Problem statement | Reproduce each line of the following material exactly, omitting the images.
___ Provided data ___
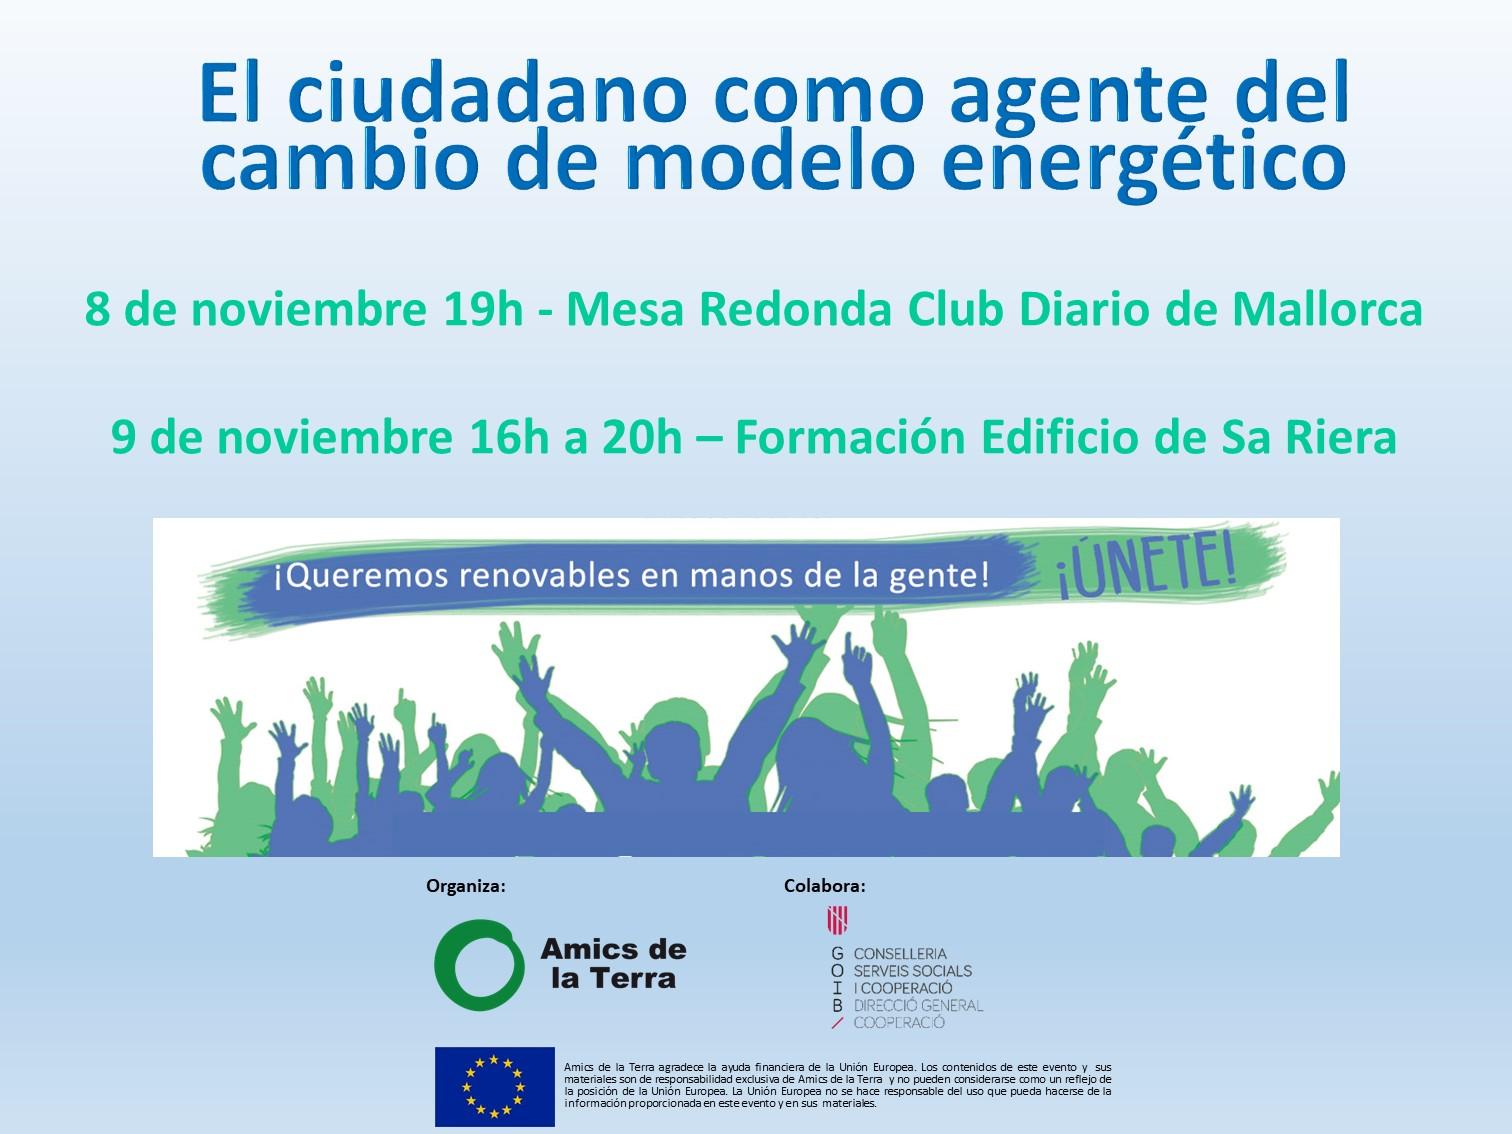 Ir a Mallorca: El ciudadano como agente del cambio de modelo energético
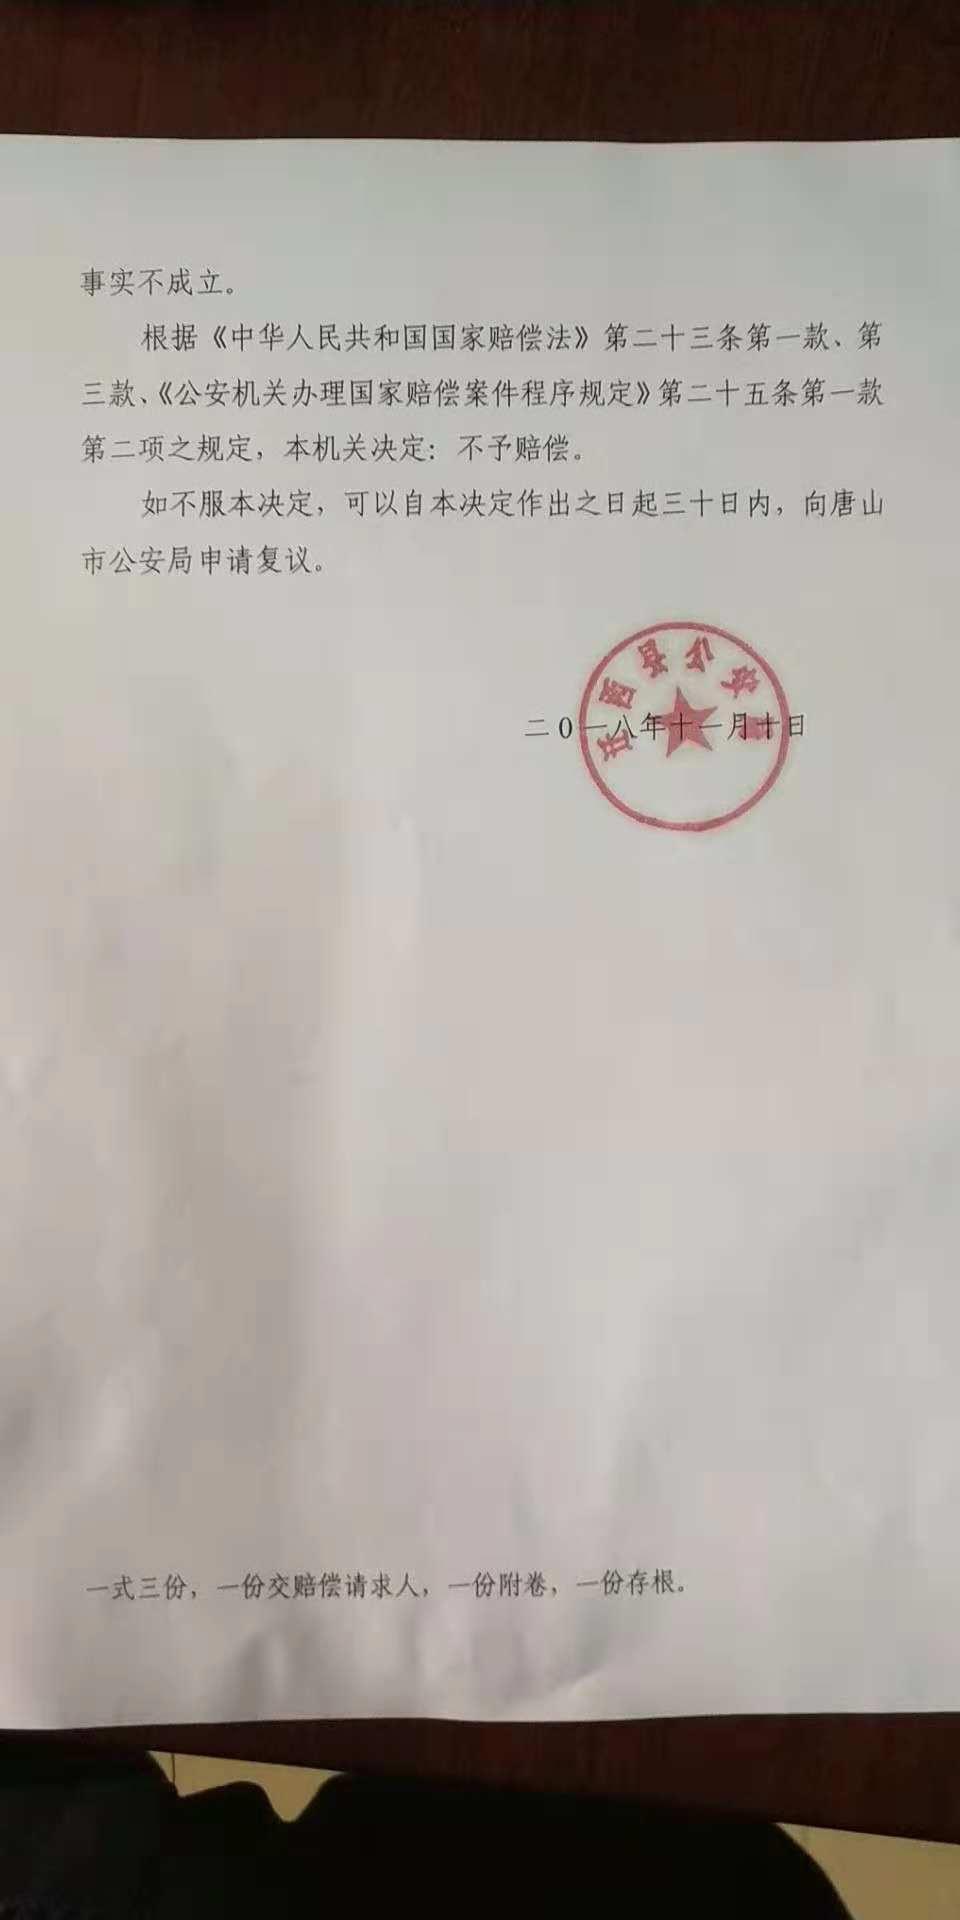 """廖海军案续:公安局自查""""刑讯逼供""""不成立不予赔偿"""
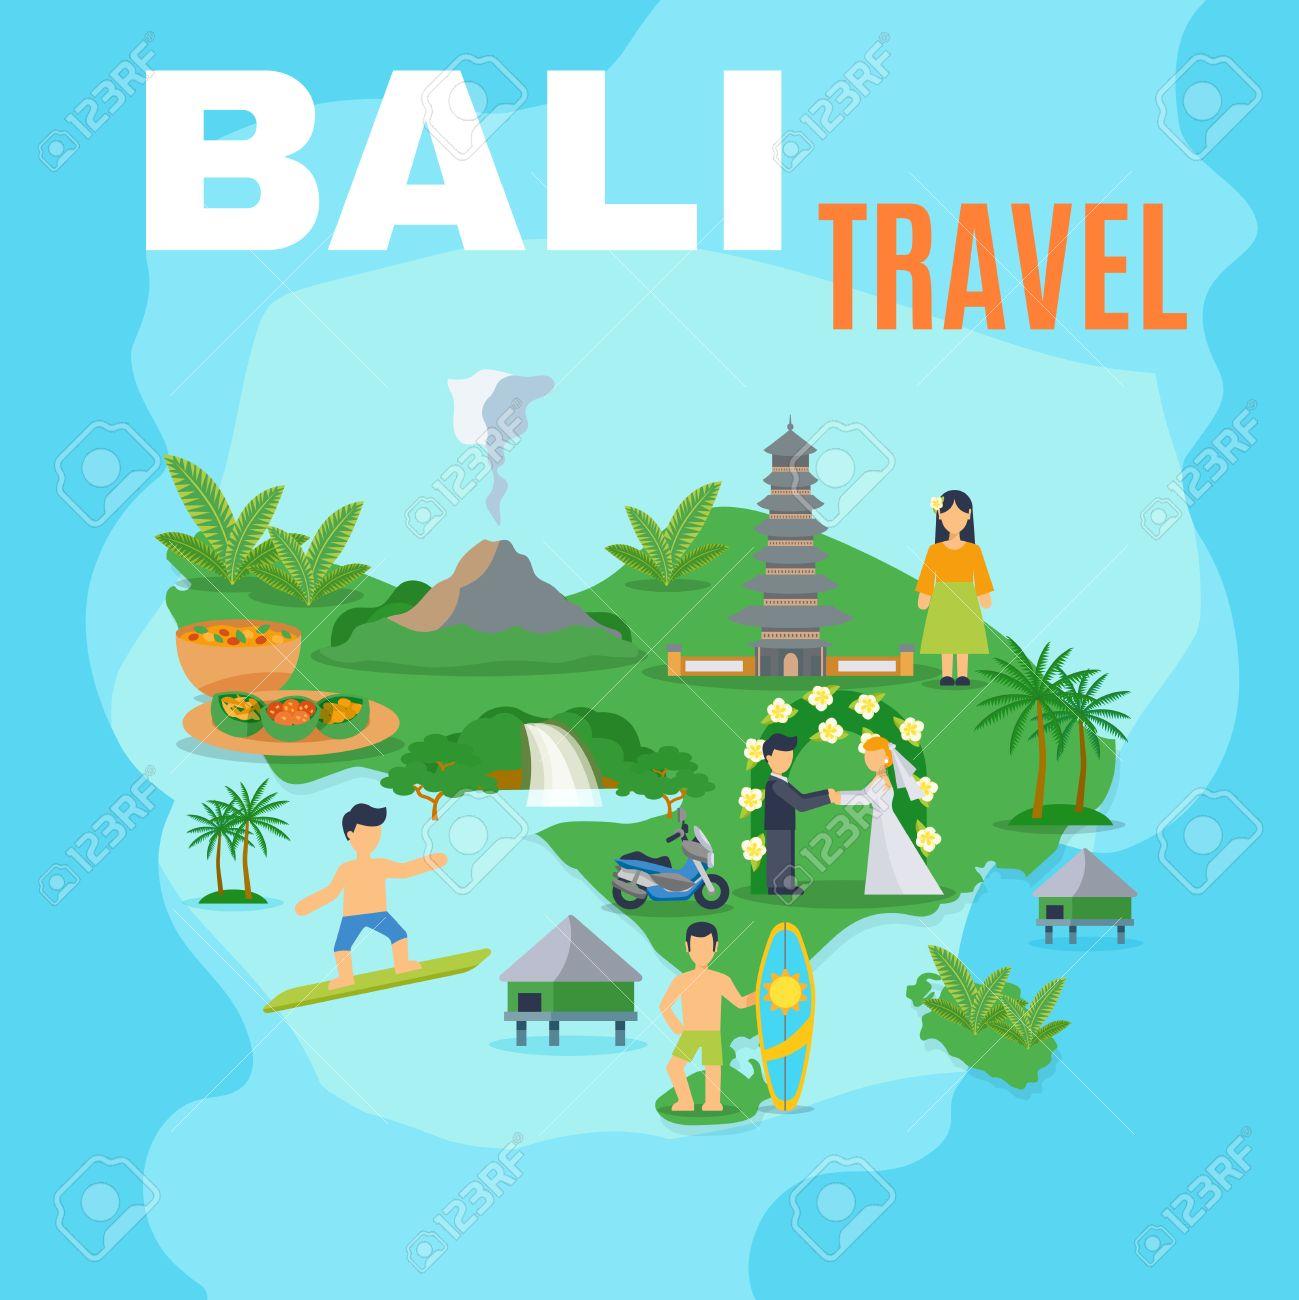 Carte Bali Mer.Fond De Carte Bali Voyage Ile Verte Sur La Mer Bleue Avec Des Photos De Lieux Touristiques Illustration Vectorielle
___
Solution for this problem |
 Ir a Mallorca: El ciudadano como agente del cambio de modelo energético
 """廖海军案续:公安局自查""""刑讯逼供""""不成立不予赔偿"""
 Carte Bali Mer.Fond De Carte Bali Voyage Ile Verte Sur La Mer Bleue Avec Des Photos De Lieux Touristiques Illustration Vectorielle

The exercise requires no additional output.